Okay, okay. Okay. Okay, right? I’ve been tardy again with this once-a-month series on albums of 40 years ago, and no one’s tougher on me about it than myself. (Yes, I do have the self-knowledge to realise that no one else really cares…)
Anyhoo. 1979. September/October I would’ve been starting my sixth year at Auchmuty High, that gleaming pillar of learning, with half an eye to the escape promised by the filling in of my University choices. Then, the form you filled in was called an UCCA form; now it’s UCAS. Everything changes, everything evolves. Meantime the redemptive power of rock and roll, in its various formats, continued to soundtrack my every waking moment.
That said, there were slim pickings in September. I was aware of the Slits, and liked their attitude: that’s not to say I ever owned their album, released that month 40 years ago. Much of their story has now been told by Viv Albertine, whose two memoirs have got rave reviews in recent years. Not read them yet, but I probably should.
My second choice is along similar lines of something I should have been listening to back then, but probably wasn’t: with songs from the likes of Jackson Browne and Issac Hayes and David Porter, Bonnie Raitt’s album Glow sounds good on paper. I’ve mainly included it for the fun fact that it was one of the first albums to be recorded and mixed digitally. Yeah, really!
Elsewhere, the Eagles squeezed out a follow up to Hotel California, The Long Run. Knackered after relentless touring on the back of their best known album, internecine squabbling and a personnel roster that might as well have had a revolving door fitted, the band’s original plan to release a double album imploded over the 18 months it took to get this ten-song effort out. To be fair, ‘Heartache Tonight,’ co-written by Henley and Frey with Bob Seger and J D Souther, did win a Grammy.
Speaking of long-anticipated follow ups, October saw the release of Tusk, Fleetwood Mac’s next album after Rumours. Predictably, it failed to measure up. How would it, really? According to one report, recorded in a ‘cocaine blizzard,’ Lindsey Buckingham’s paranoia about being left behind by punk and new wave led to some bizarre sound experiments, including him getting them to sing into microphones taped to the studio floor. Although that was maybe just to get back at Stevie Nicks.
It was a commercial disaster, only selling 4 million copies compared to the 10 million selling Rumours. The title track was quite funky to be fair.
October otherwise brought a far better harvest. One album I definitely did own at one stage was Regatta de Blanc, one of the Police’s top-selling albums. It’s long since disappeared from my collection, but at the time, the singles ‘Message in a Bottle,’ and ‘Walking on the Moon,’ as well as other tracks like ‘Bring on the Night,’ and ‘The Bed’s too Big Without You,’ seemed cutting edge. Not many bands cite the Police as an influence these days.
An album that I was to get to later via the medium of my brother was The Fine Art of Surfacing, by the Boomtown Rats.
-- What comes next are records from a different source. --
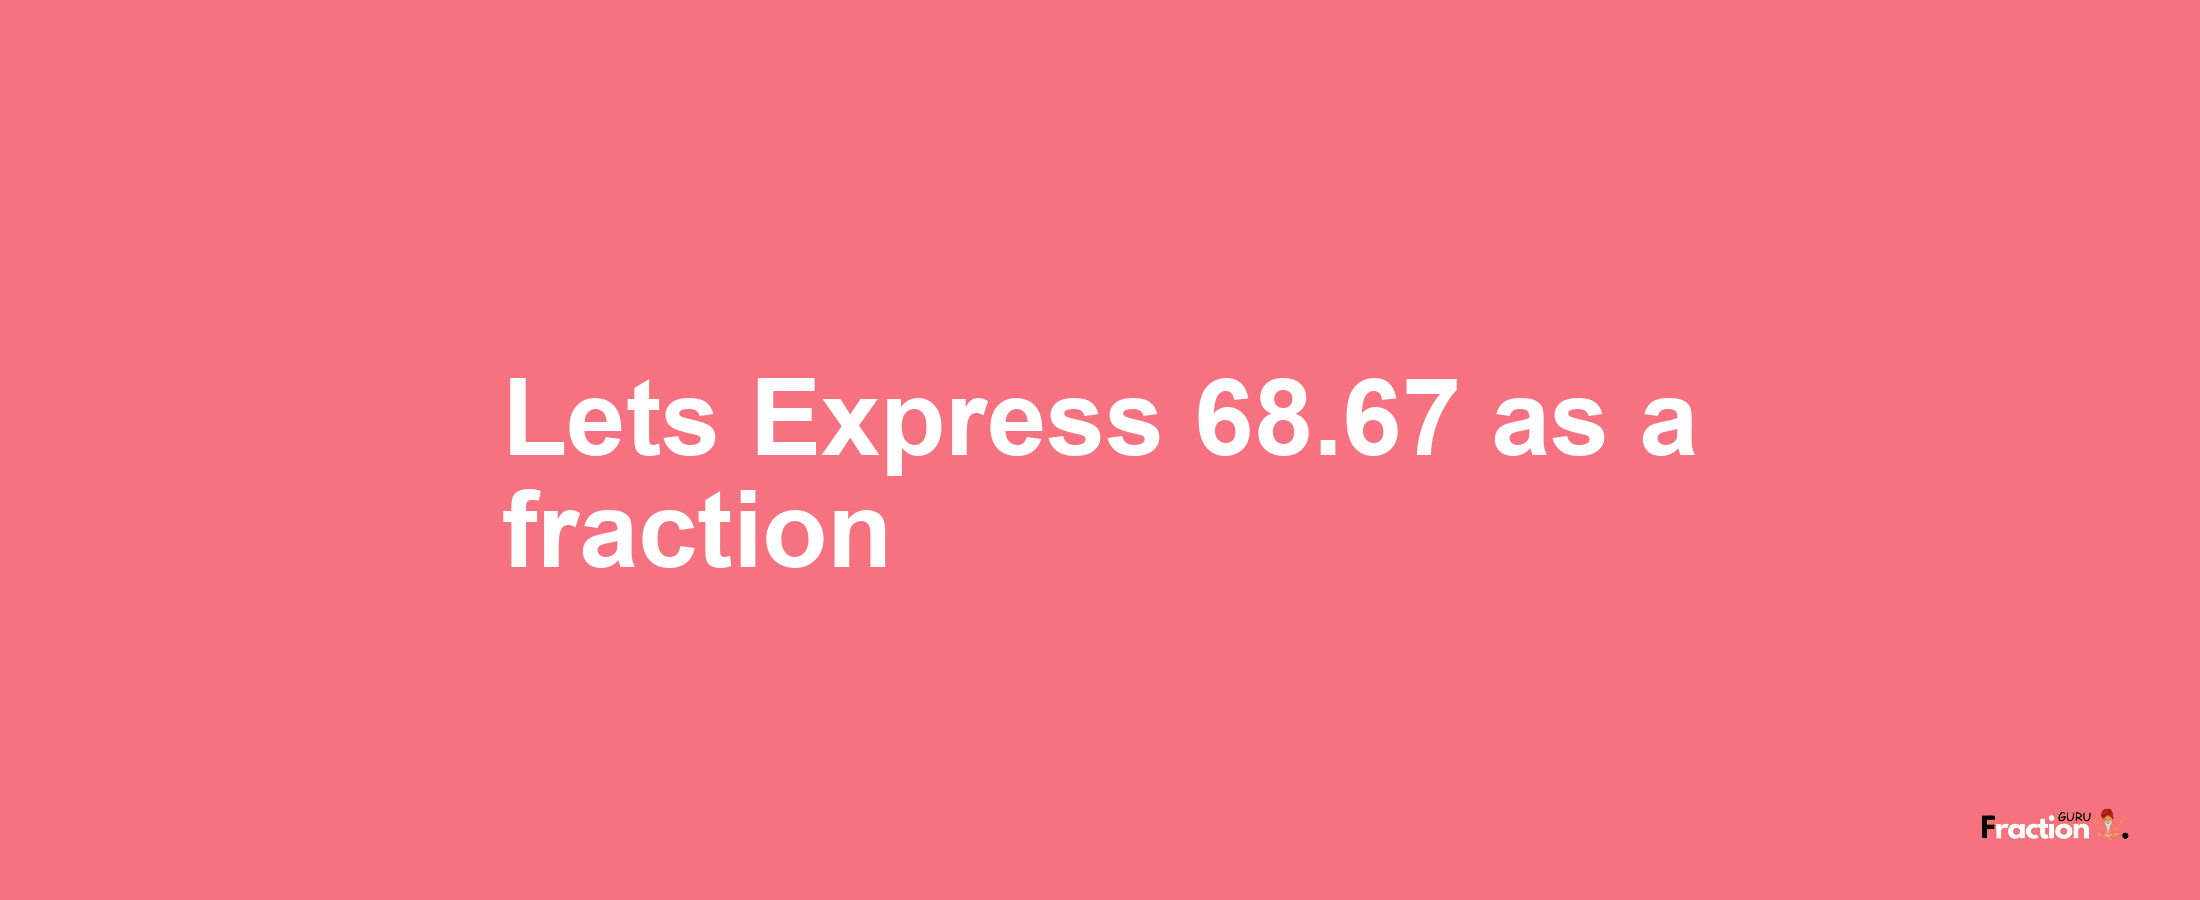 Lets Express 68.67 as afraction
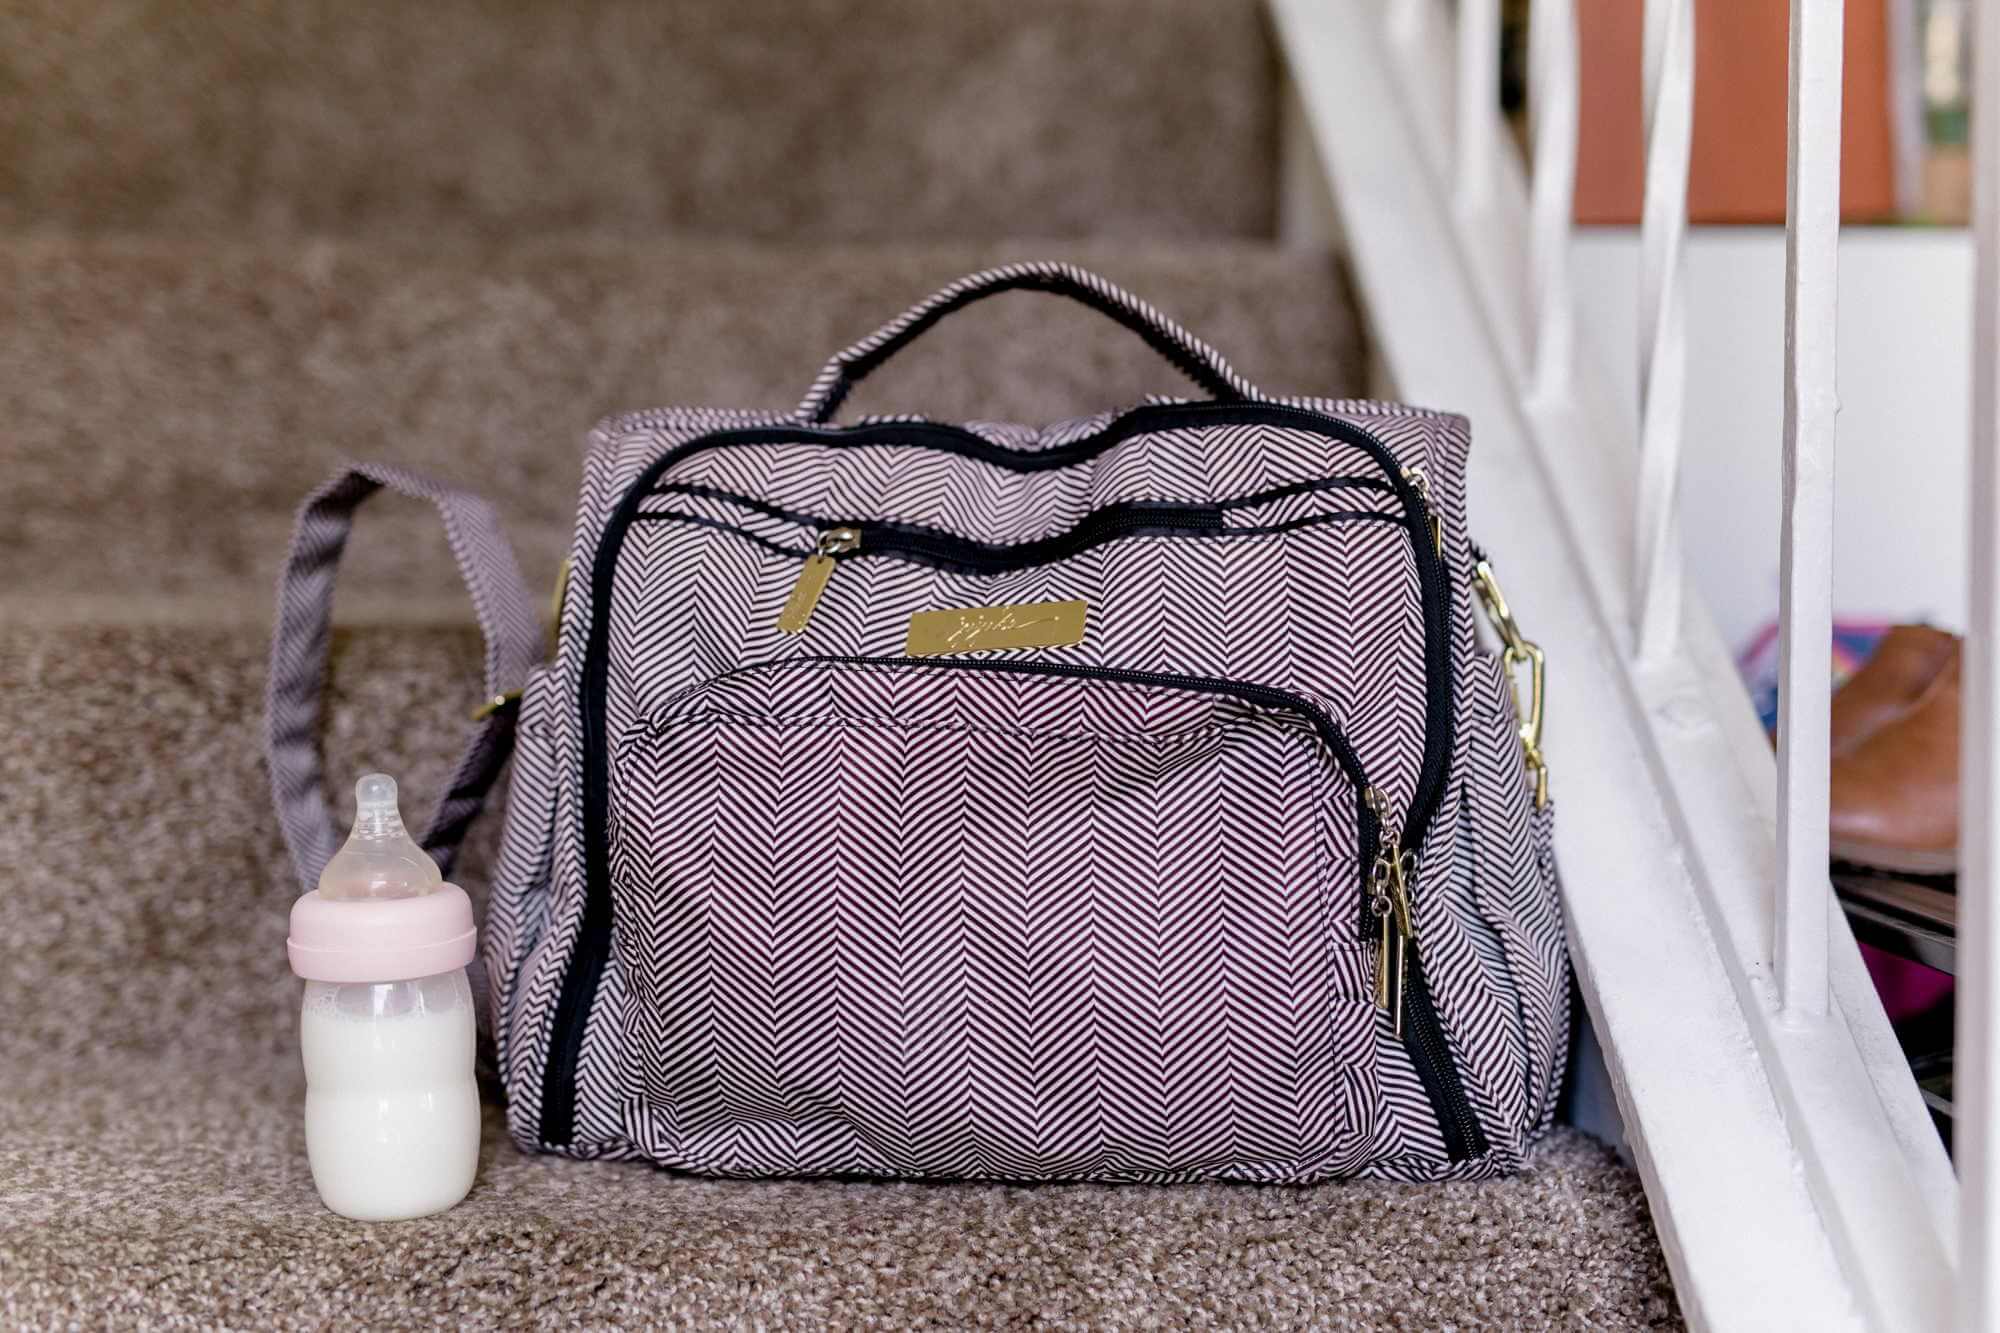 The Unstoppable Diaper Bag
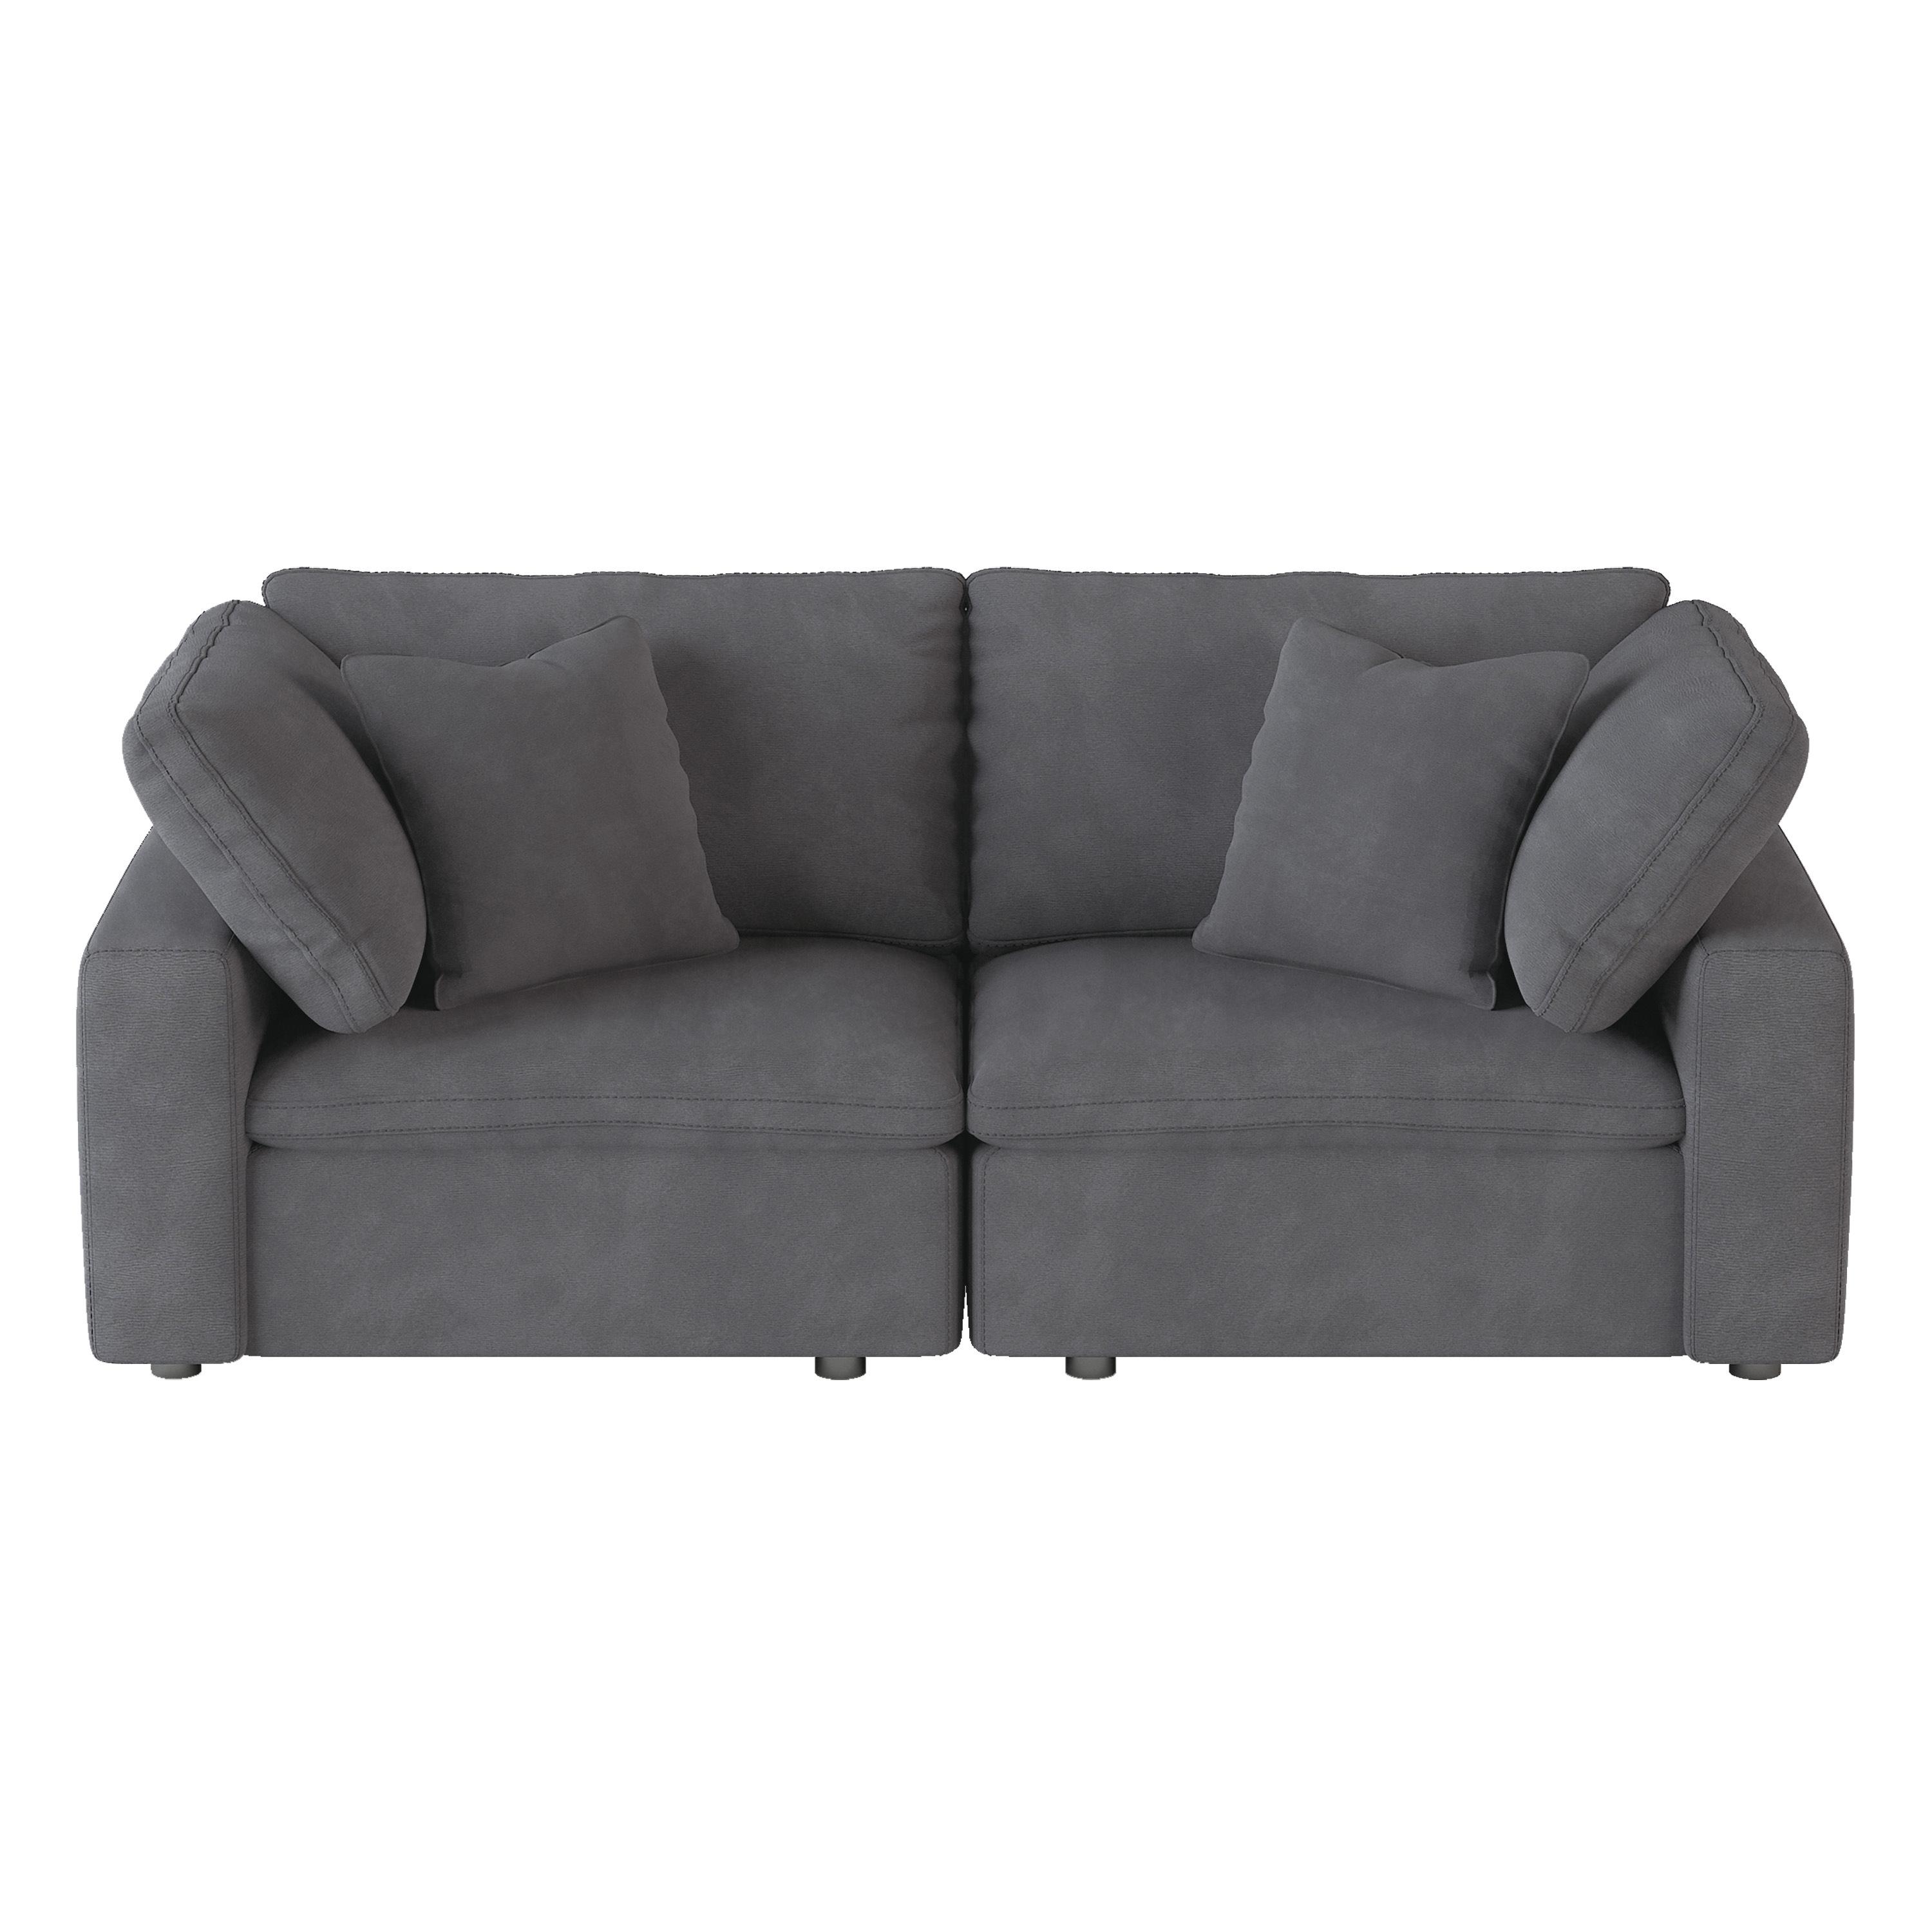 Transitional Loveseat 9546GY-2* Guthrie 9546GY-2* in Gray Microfiber

It’s lasted rather better than the Police’s album. If anyone’s in any doubt about the quality of Saint Bob’s ability with a lyric prior to his canonisation, have a listen to ‘Nice N Neat,’ one of my favourite tracks, alongside, of course, ‘I Don’t Like Mondays,’ the hit single from the album.
Actually, looking at the roster of albums released in that month in 1979, it was indeed a season of not-always-so-mellow fruitfulness: Quadrophenia, the soundtrack album by the Who, Days in Europa, the Skids, Rod Stewart’s Greatest Hits, Volume 1, Damn the Torpedoes, Tom Petty and the Heartbreakers, Prince, from, er, Prince, another sef-titled album from the Specials, Abba’s Greatest Hits Vol 2, Donna Summer’s Greatest Hits Volume 1 and 2, to name but a few. Actually, looking at the list on Wikipedia, you could actually compile a collection of the very best in rock, pop and new wave/punk of the era from that single, extraordinary month’s worth. Perhaps not so much the outer reaches and more alternative artists, but certainly, for the best of mainstream music.
Limiting myself to three favourites, then, was always going to be an invidious choice. I have to admit my last selection has as much to do with a remembrance of the effect Debbie Harry had on impressionable teenage boys (and a few girls too, I shouldn’t wonder). The comparisons with Marilyn Monroe were obvious, and in a sense came from Harry herself: but the personas were miles apart. Blondie’s lead singer was smart, sassy, and sarcastic in word, lyric and deed. There was never any doubt she wasn’t just a pretty face.
Eat to the Beat maybe wasn’t quite up there with Parallel Lines: but any album with ‘Atomic’ and ‘Dreaming’ on it is worth a place. The producer, Mike Chapman, described the recording process as ‘a real mess:’
‘The music was good but the group was showing signs of wear and tear. The meetings, the drugs, the partying and the arguments had beaten us all up, and it was hard to have a positive attitude when the project was finally finished. … Was this the record that the public was waiting for, or was it just the waste of seven sick minds? I had never experienced this kind of emotional rollercoaster before, and I have never forgotten the sounds, smells and tastes that came with it. I guess that was what they meant: Eat to the Beat.‘
Sometimes great work comes from a tortuous process. Just ask Rumours-era Fleetwood Mac.
Hi. I’m pretty sure that D Harry recently came out with her memoir. Those early days in her career must have been very exciting to her.
She did – another book for my Xmas stocking!